Two Years of Rust

79 points by EvanHahn


mqudsi

Interesting mix of beginner-friendly advice with nuggets for hardcore rust users dealing with scaling problems thrown in in this article. I thought it was going to touch on one of my outstanding issues with rust (namely, the statically typed nature of generic parameters or lifetimes making refactoring (or mocking) time-consuming), but it only grazed on the matter.

But with regards to mocking, the truth is that mock-heavy unit tests are just not part of the rust ecosystem/culture both because of a divergence in principles and also implicitly because it’s so much harder to do so. Your modules should be designed in a way where each module owns a specific functionality and offers an api that (thanks to strict typing) is resilient to being misused.
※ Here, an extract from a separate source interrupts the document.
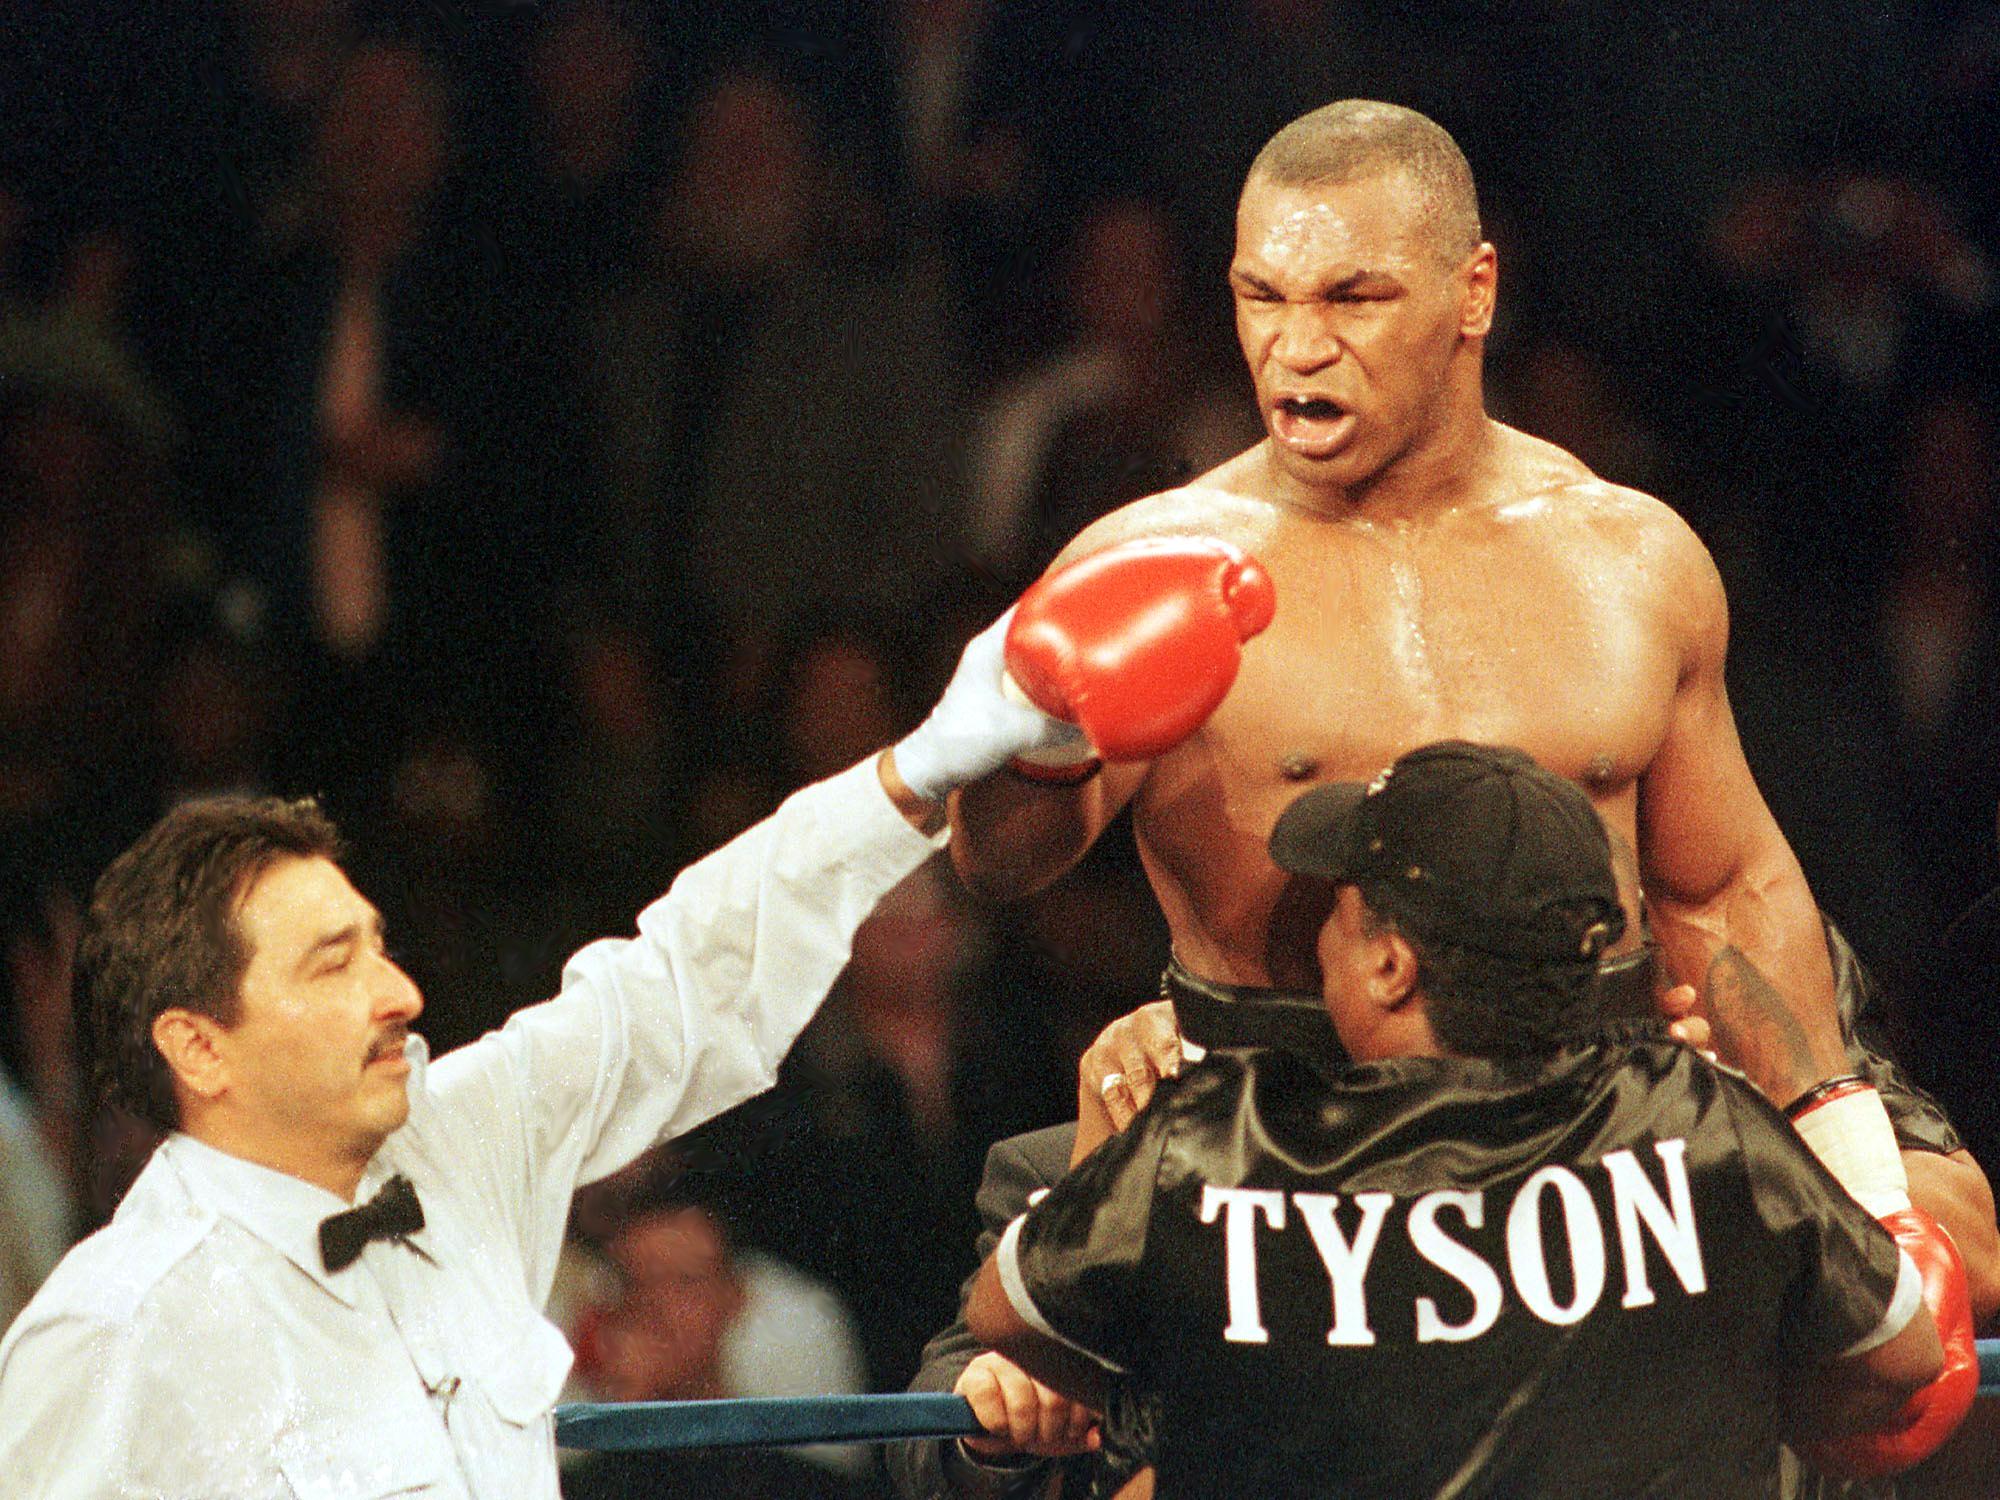 Mike Tyson said there weren't many positives about his childhood.

To be perfectly blunt, a high-level mock test (with the exception of mock tests required to test different underlying scenarios - but these would be ones that provide different output and therefore you can use a different approach altogether) does not necessarily provide any real value: just because my mock database client successfully stored and retrieved a user record does not mean your postgres client will, perhaps because of the semantics of the ignored transaction or perhaps because of other issues (for example, in this (contrived but very much real-world) mock test OP is completely ignoring the Transaction because to properly implement transactions in a mock unit test, you’d have to write your own ACID-compliant rdbms).

Basically, you shouldn’t expect to write your codebase (or supporting infrastructure) for a rust project the same way you would in a python or javascript project. There’s a culture mismatch, a language impedance mismatch, a contractual guarantees mismatch, and more.